Also, you are currently relying on transistor transimpedance to set the gain, which will probably be well above the 500 you desire. Open loop gain is probably sufficient, however, that negative feedback will linearise the response, and enable you to set gain very precisely. Here I set feedback to 0.2% using a resistor potential divider (R1 and R2), for a gain close to 500:

schematic

simulate this circuit – Schematic created using CircuitLab

I'm not sure that feedback here is negative, because I haven't tracked inversions very thoroughly. If it doesn't work as I have shown, try swapping the signals at the bases of Q1 and Q2, which would change feedback polarity.

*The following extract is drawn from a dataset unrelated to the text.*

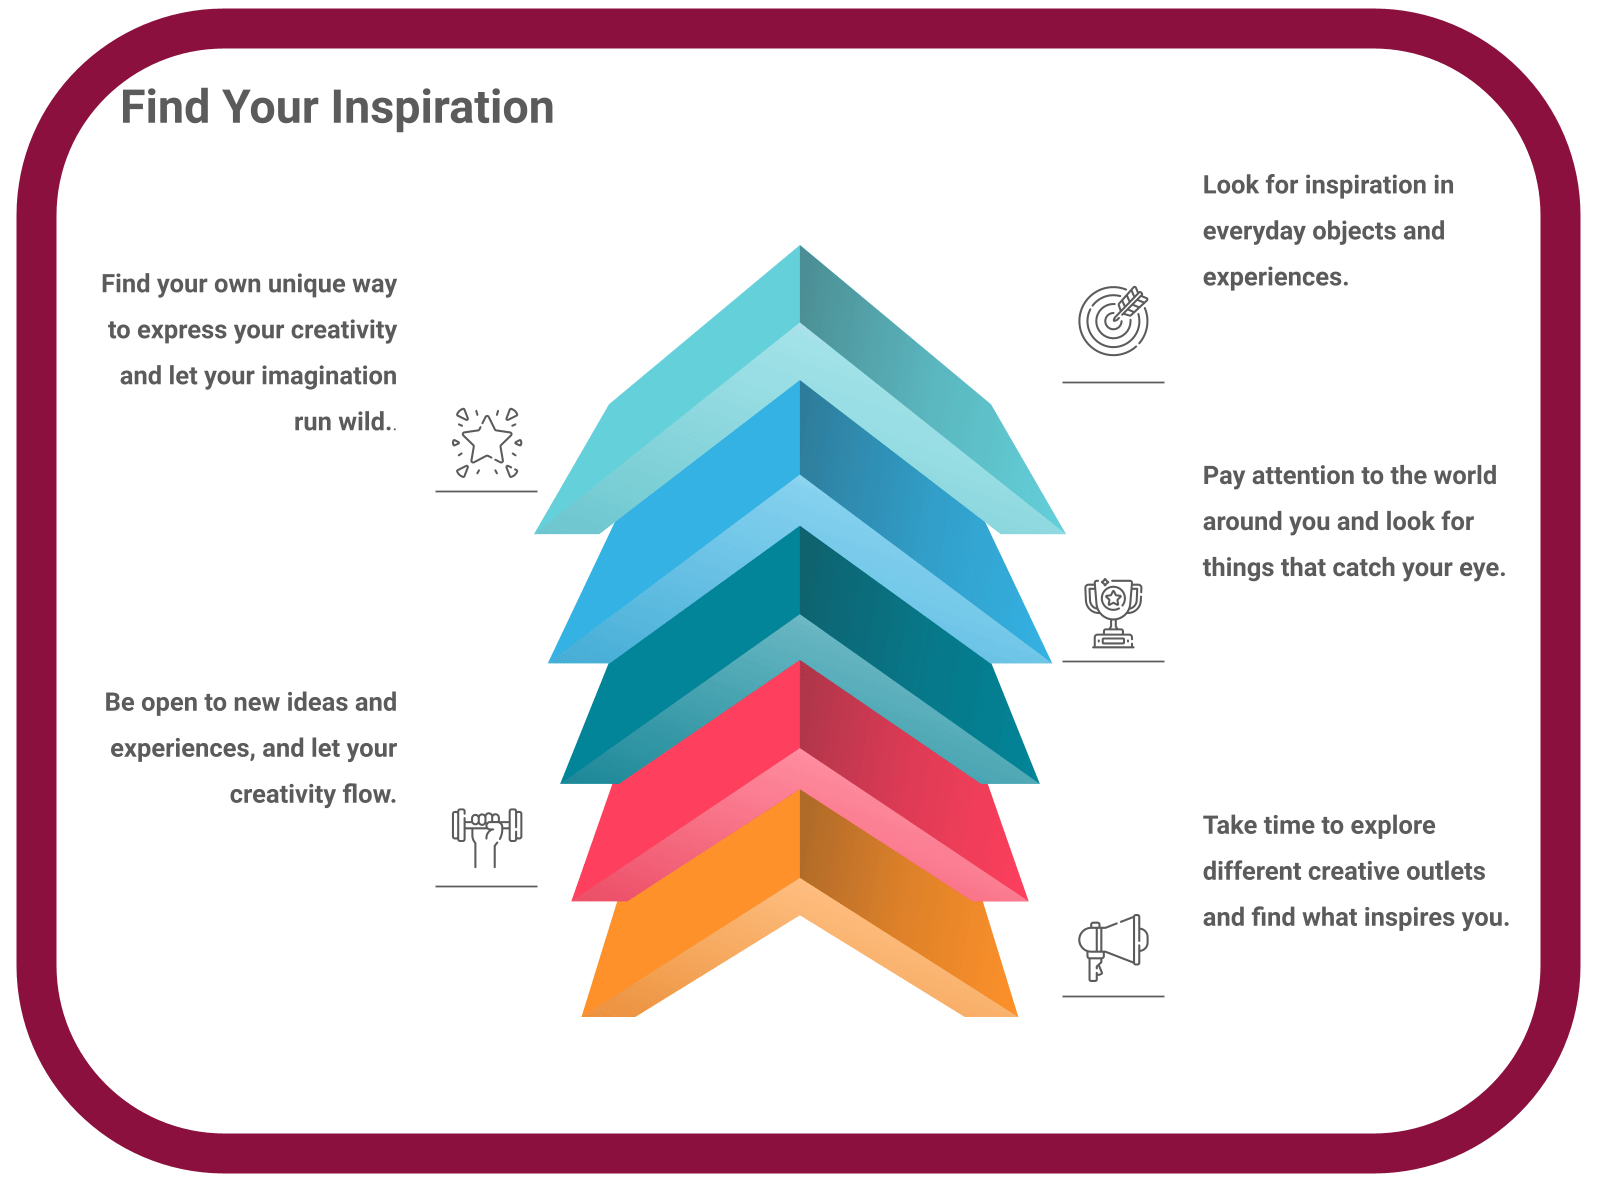 INFOGRAPHIC: Find your inspiration - Poll the People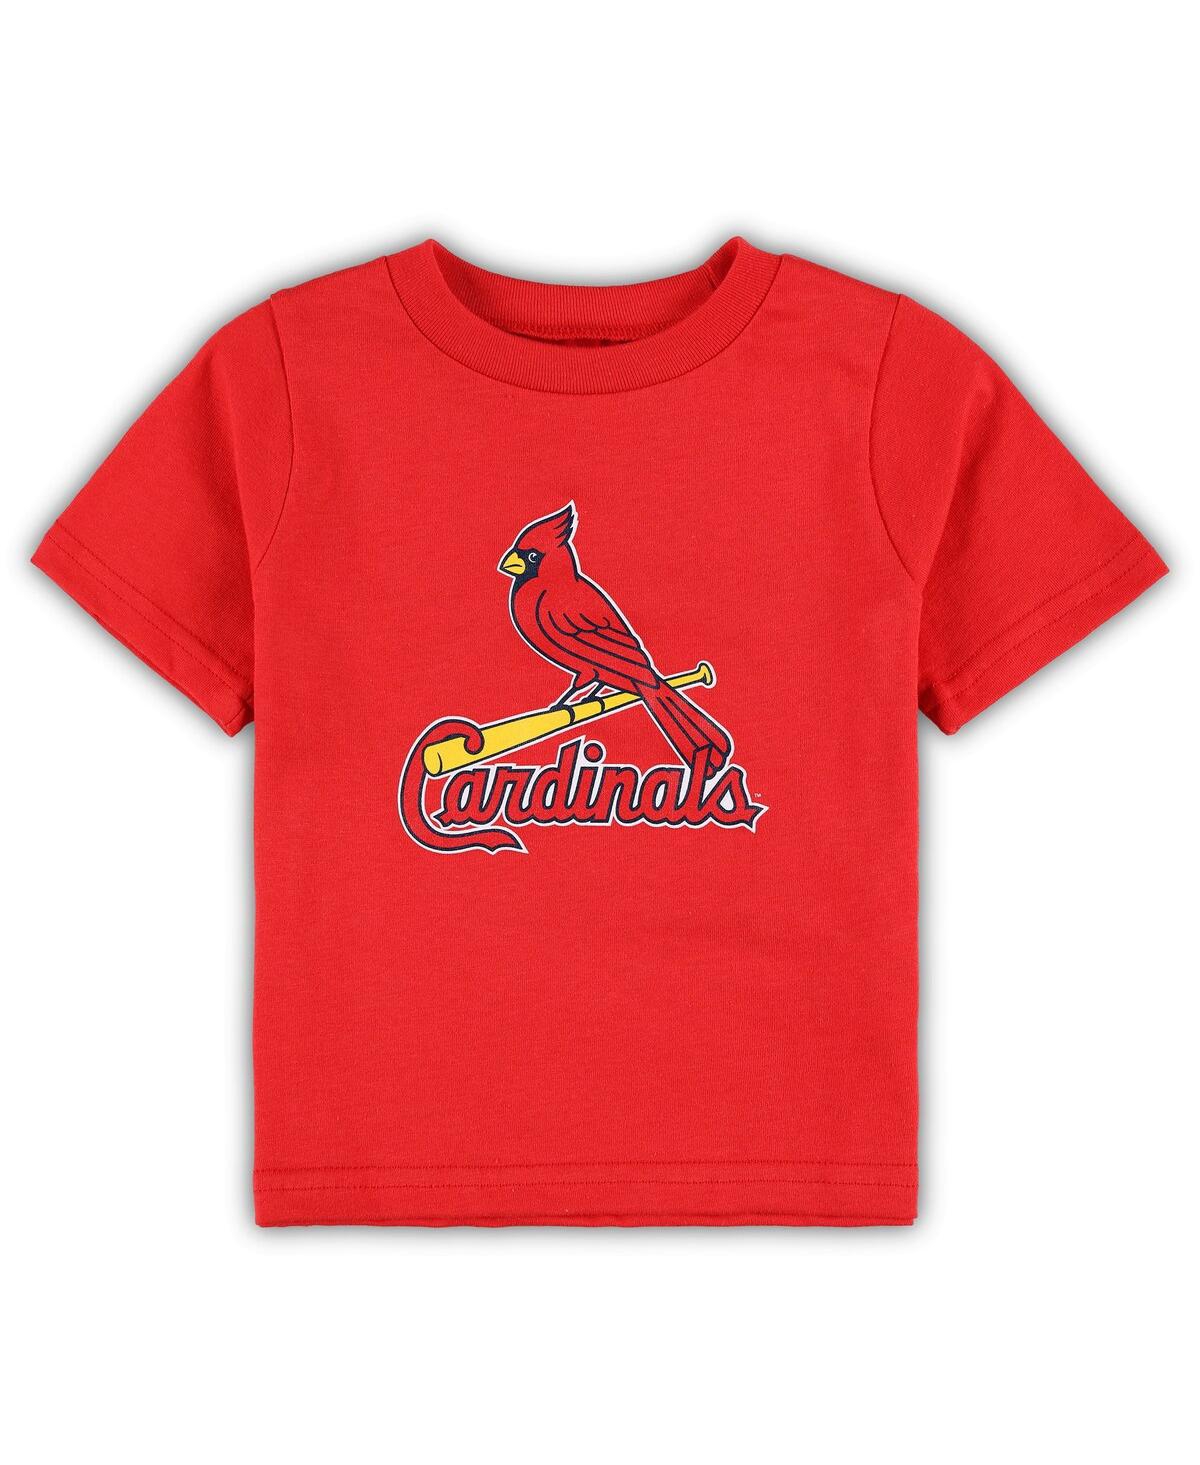 Outerstuff Babies' Infant Boys And Girls Red St. Louis Cardinals Team Crew Primary Logo T-shirt

The goal is to obtain a closed loop similar in structure to this, with which I am sure you are familiar:

schematic

simulate this circuit

Negative feedback will also cause the whole amplifier to bias itself, so that a zero-volt input from V1 should result in near-zero-volt output. I say "near", because there will be significant input offset voltage due to transistor mismatches, and that offset will also be amplified by a factor of 500.

I would recommend starting with significantly lower closed-loop gain (say about 10, with R1≈5kΩ). That way you don't confuse saturation due to input offset with saturation due to a fault in the design or construction.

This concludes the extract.